KMWKMW Registered Users Posts: 118 Major grins
edited August 22, 2007 in Technique
Hi,
I did a search on this forum and found some answers to some questions I have but I'm hoping someone can help me with a few more. I have been getting plenty of practice photographing my 1 year old and 2 1/2 year old. I always try to get their eyes in sharp focus. I can never get them together to practice photographing 2 people and I have a photo session coming up soon with 2 boys and a puppy outdoors in the morning. We will be doing both posed group shots and individual candid shots. I have my camera set to AF-A Single area focus with matrix metering. Will that setting work to keep all three in focus if I keep the f stop between 8 and 11? If so where should I focus? If they are side by side should I focus on one of their cheeks? Should I switch to Dynamic area focus instead of Single area focus? Should I try focus and recompose? Any advice I would really appreciate. I just bought the 50 1.8 for indoor low light situation but I like to use this outdoors as well. Should I use the 50 1.8 instead of the zoom lens. I also just bought the SB600. I haven't had enough practice with the external flash outdoors so I'm hesitant to use that. Thanks in advance.

Kathi
Nikon D80
18-135mm 3.5-5.6
50mm 1.4
SB600

Comments

  • SloYerRollSloYerRoll Registered Users Posts: 2,788 Major grins
    edited August 17, 2007
    You have allot of questions in one paragraph. I'll try to answer them all though.
    • AF-Single Area is your best bet for this situation.
    • Keeping all three subjects eyes sharp at f8-11 is a relative question. The key thing to understand is that at a fixed aperture, the larger you want your subject to appear, the less depth of field you have. For instance, if you are taking a full length portrait at f/8 you have enough DoF to get almost any background close to focus. If you are shooting a tight headshot at f/8 you have less DoF and only a very close background is going to be in focus. (italic taught to me by LiquidAir)
    • Focusing on the cheek is going to be your best bet on the individual shots. On the group shots, your going to need to open up your DOF to try to keep all three sets of eyes in focus. So focal point won't be as much of a concern w/ the greater DOF.
    • Don't focus and recompose. Talk about some BORED kids! You'll get some real snoozer shots if you spend too much time finding focus perfection. Todays AF systems are so fast, you should worry about composition and interacting w/ the kids to make the shoot fun instead.
    • A prime lens like the 50 1.8 (aka the nifty fifty) will almost always help your shots to come out more sharp when they are inside your circle of confusion (and your a few stops higher that maximum aperture {f1.8})unless your ready to drop a couple grand on some pro level glass. *sighs and recalls all the glass that he's seen and will never own.
    • You made a great decision getting the SB-600 vs the SB-800. Put your speedlight on A-TTL and let your camera work on the fill light. You bought some good gear. Let it work for you instead of you trying to beat it into submission.
    REMEMBER:
    An interactive happy kid in an OK portrait will always make a better shot than a bored kid in a technically perfect shot.

    TIP:
    Turn off AF assist on your settings. All this function does is drain your battery faster.

    I'm going camping this weekend and will be away from my machine. If you have Photoshop 6 or higher. I have a few really neat easy tricks I've learned that will help the eyes appear sharp even when they aren't tack sharp. PM me if you'd like to know how. I'll set up a tutorial for you since I want to set this tut up anyway. This will help me just pull the trigger on making it happen.

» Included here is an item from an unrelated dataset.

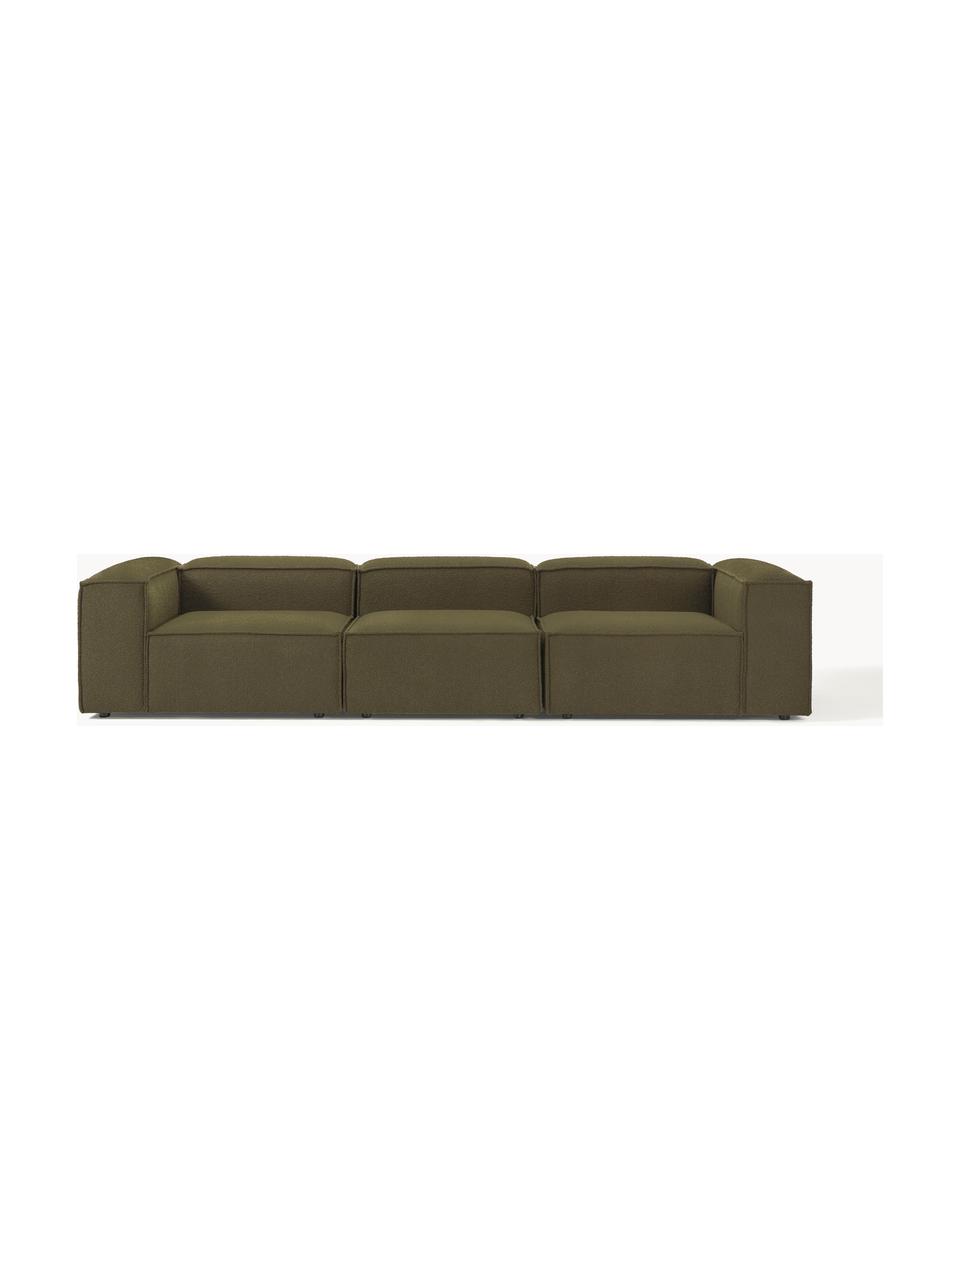 Canapé modulable 4 places en tissu bouclé Lennon, Bouclé vert olive, larg. 327 x prof. 119 cm

    Have fun when you shoot. Kids are like animals (in the nicest possible way) they can sence your tension and dread and it bleeds over into their personality if your not careful.

    -Jon
  • KMWKMW Registered Users Posts: 118 Major grins
    edited August 17, 2007
    SloYerRoll wrote:
    You have allot of questions in one paragraph. I'll try to answer them all though.
    • AF-Single Area is your best bet for this situation.
    • Keeping all three subjects eyes sharp at f8-11 is a relative question. The key thing to understand is that at a fixed aperture, the larger you want your subject to appear, the less depth of field you have. For instance, if you are taking a full length portrait at f/8 you have enough DoF to get almost any background close to focus. If you are shooting a tight headshot at f/8 you have less DoF and only a very close background is going to be in focus. (italic taught to me by LiquidAir)
    • Focusing on the cheek is going to be your best bet on the individual shots. On the group shots, your going to need to open up your DOF to try to keep all three sets of eyes in focus. So focal point won't be as much of a concern w/ the greater DOF.
    • Don't focus and recompose. Talk about some BORED kids! You'll get some real snoozer shots if you spend too much time finding focus perfection. Todays AF systems are so fast, you should worry about composition and interacting w/ the kids to make the shoot fun instead.
    • A prime lens like the 50 1.8 (aka the nifty fifty) will almost always help your shots to come out more sharp when they are inside your circle of confusion (and your a few stops higher that maximum aperture {f1.8})unless your ready to drop a couple grand on some pro level glass. *sighs and recalls all the glass that he's seen and will never own.
    • You made a great decision getting the SB-600 vs the SB-800. Put your speedlight on A-TTL and let your camera work on the fill light. You bought some good gear. Let it work for you instead of you trying to beat it into submission.
    REMEMBER:
    An interactive happy kid in an OK portrait will always make a better shot than a bored kid in a technically perfect shot.

    TIP:
    Turn off AF assist on your settings. All this function does is drain your battery faster.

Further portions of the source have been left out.